Harold Lloyd, clock, cliff-hanger

Everyone works differently, but it really seems to help me to visualize what I’m writing as if I were watching a movie. That helps me know where my characters are in space (in the living room, the bodega, the office) with all the site details that potentially shed light on their situation and is even more helpful in tracking time.

Although where characters are in space seems relatively straightforward, you occasionally find a book where characters must have some undisclosed teleportation super-power. How else did they start out in one place and suddenly end up in another?

I’m a fan of Chris Roerden’s Don’t Murder Your Mystery, and she has several chapters dealing with time and place. Her advice about choosing a setting—fewer bars and restaurants where the only thing that happens is an exchange of information—is especially valuable. Keeping track of time is trickier. Advice in her chapter titled “Crazy Time” has saved me on numerous occasions. It’s made me conscious of the benefit of small, but subtle, reality checks about time-of-day (light, sun, sounds).

As always, where these issues are managed well, they’re unnoticeable, but where they aren’t, you can learn by negative example. A book I read recently described the trees with their spring buds, then a chapter or two later—perhaps a week or so later in story time—the characters were complaining about a winter snowstorm. I flipped back a chapter or two, wondering whether my recollection of the spring blossoms was a misunderstanding, but it was not.

A pet peeve of someone in my writing group is ignoring the phases of the moon. Full moon sparkling on broken glass one night (thank you, Anton), and a dark, moonless night the next. If you’re putting the moon in one of your stories, check here to find out what it was doing on any particular date.

If I had to guess, I’d bet time and space errors crop up most often during revisions.

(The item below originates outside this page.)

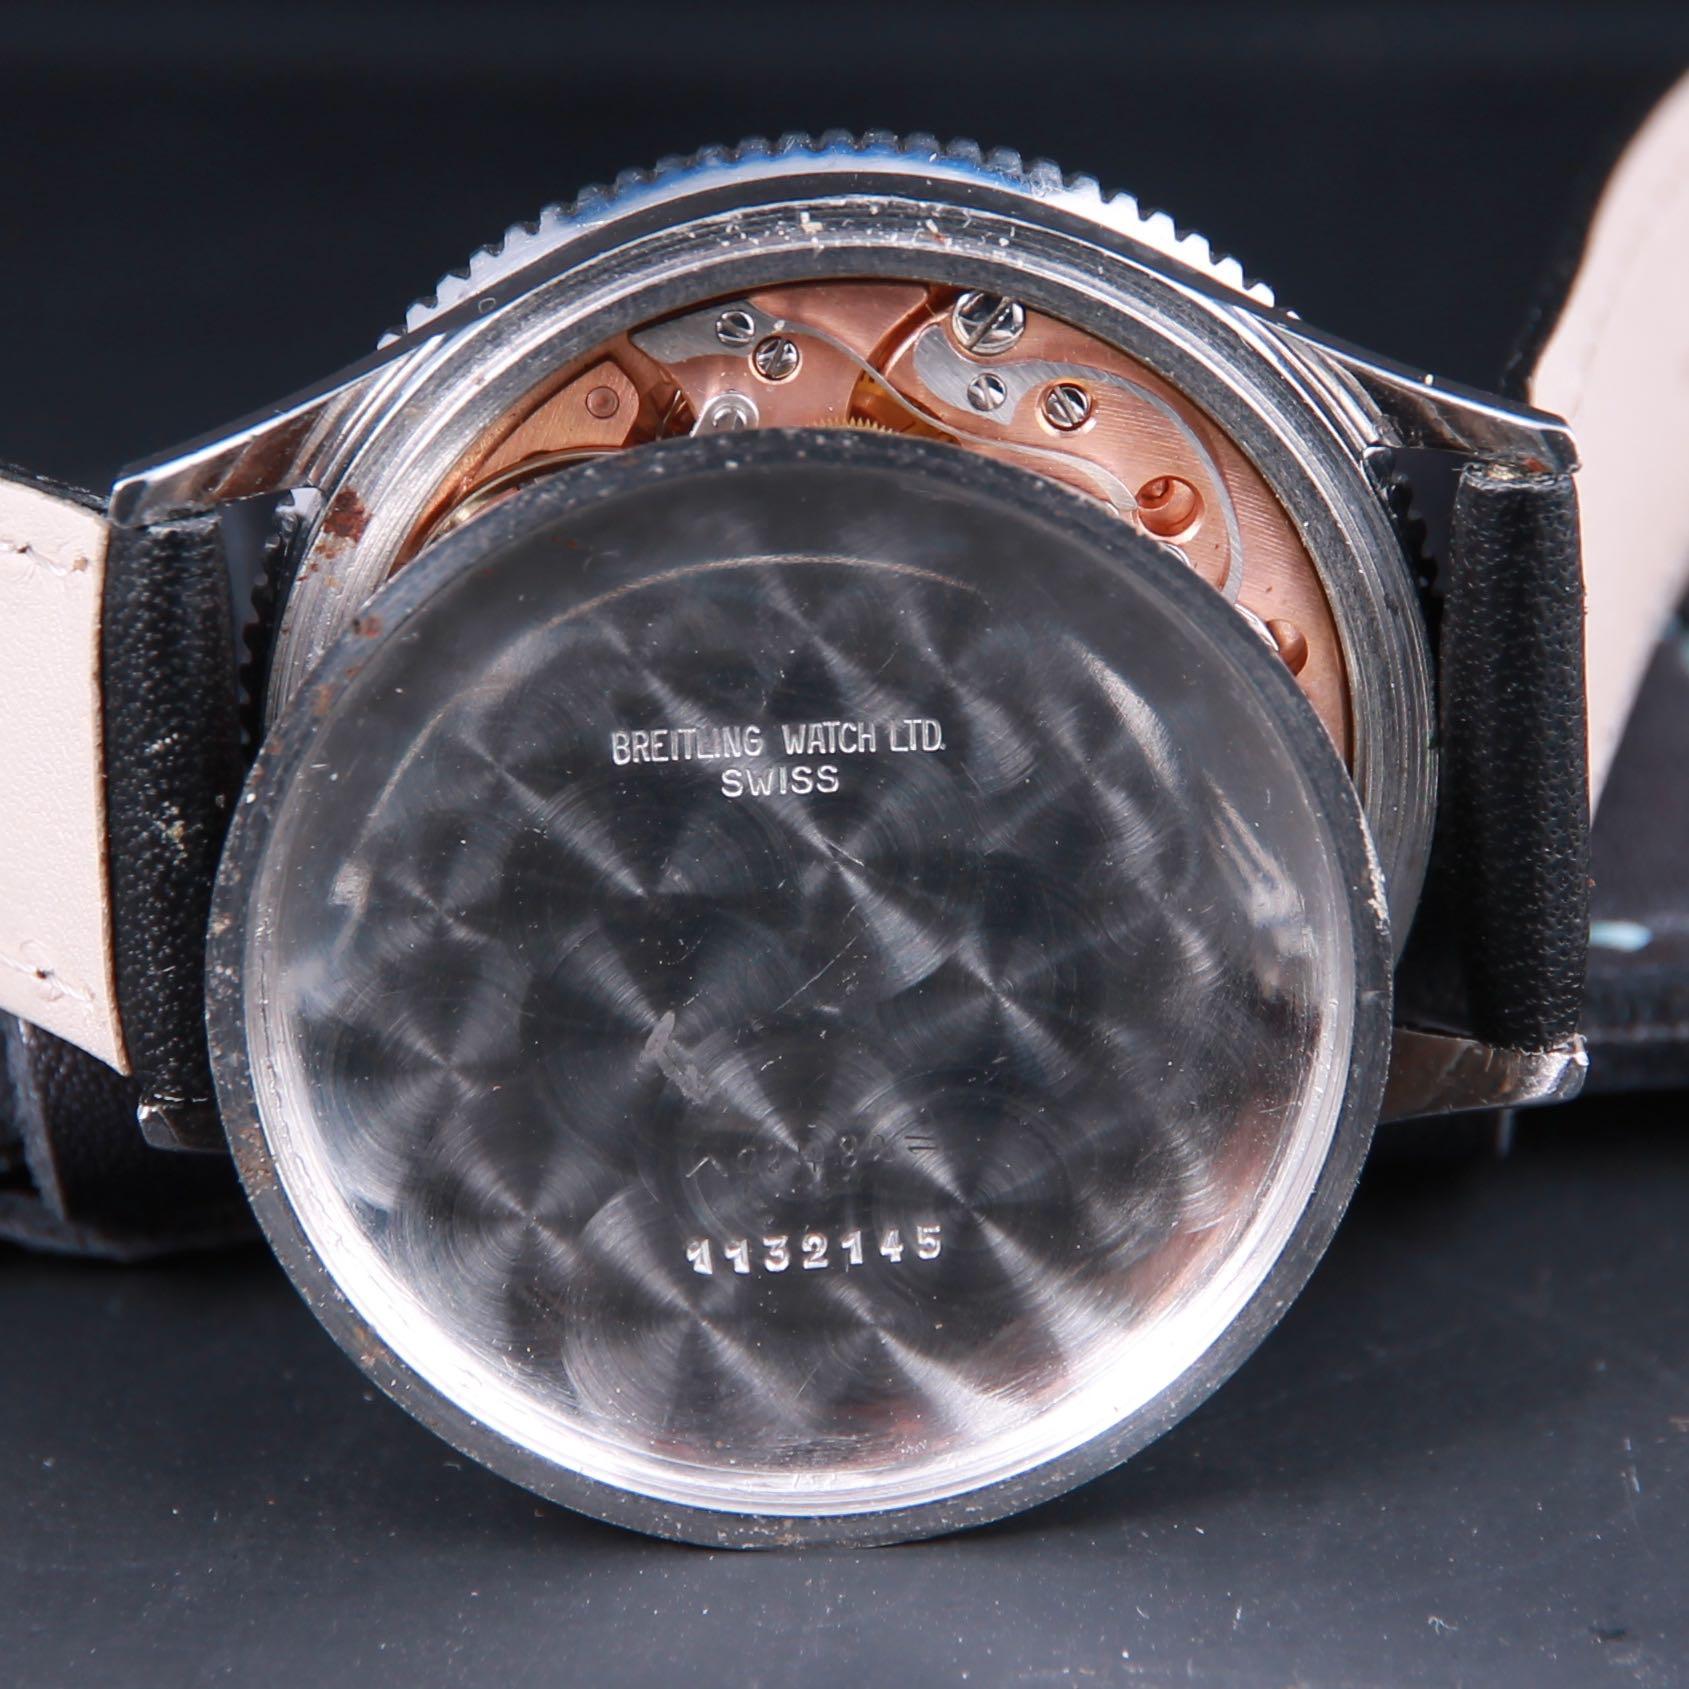 Breitling Chronomat 808 For Sale

It’s like changing the name of a character, the original name is almost impossible to expunge totally. It keeps sneaking back onto the page. If the writer wrote a draft set in winter, but decided to skip all those scarves and galoshes and changed the timing to spring, one winter reference stayed frozen in place.

I try to prevent such dislocations and discontinuities by just keeping track, in the computer or on paper, not in my head. Though I’m a pantser, this much organization is essential. I maintain a table with columns for chapter number, topic, date (e.g., Thursday, June 2), and word count. Couldn’t be simpler. The table saved my bacon when my editor asked me to compress Architect of Courage. I added a column for “New Date” and avoided mountains of bothersome recalculation.

Originally, the novel started on June 2 and ended August 16; the revision started the same date and ended July 22. I squeezed three-and-a-half weeks out of what had been eleven weeks of storytime, and I would never have been able to proofread all the glancing mentions of day and date otherwise.

Starting July 23, I hope my character Archer Landis takes a serious vacation. I put him through a lot in those weeks!

6 thoughts on “Where Writers’ Ideas Come From: Staying Oriented in Time and Space

  1. Excellent blog and writing advice, Vicki, especially the moon calendar site. I’ll make sure to put that to use. Thanks.

  2. Spring buds one day, snow the next? Must have been set.in New Jersey. Now–off to find the definition of a pantser!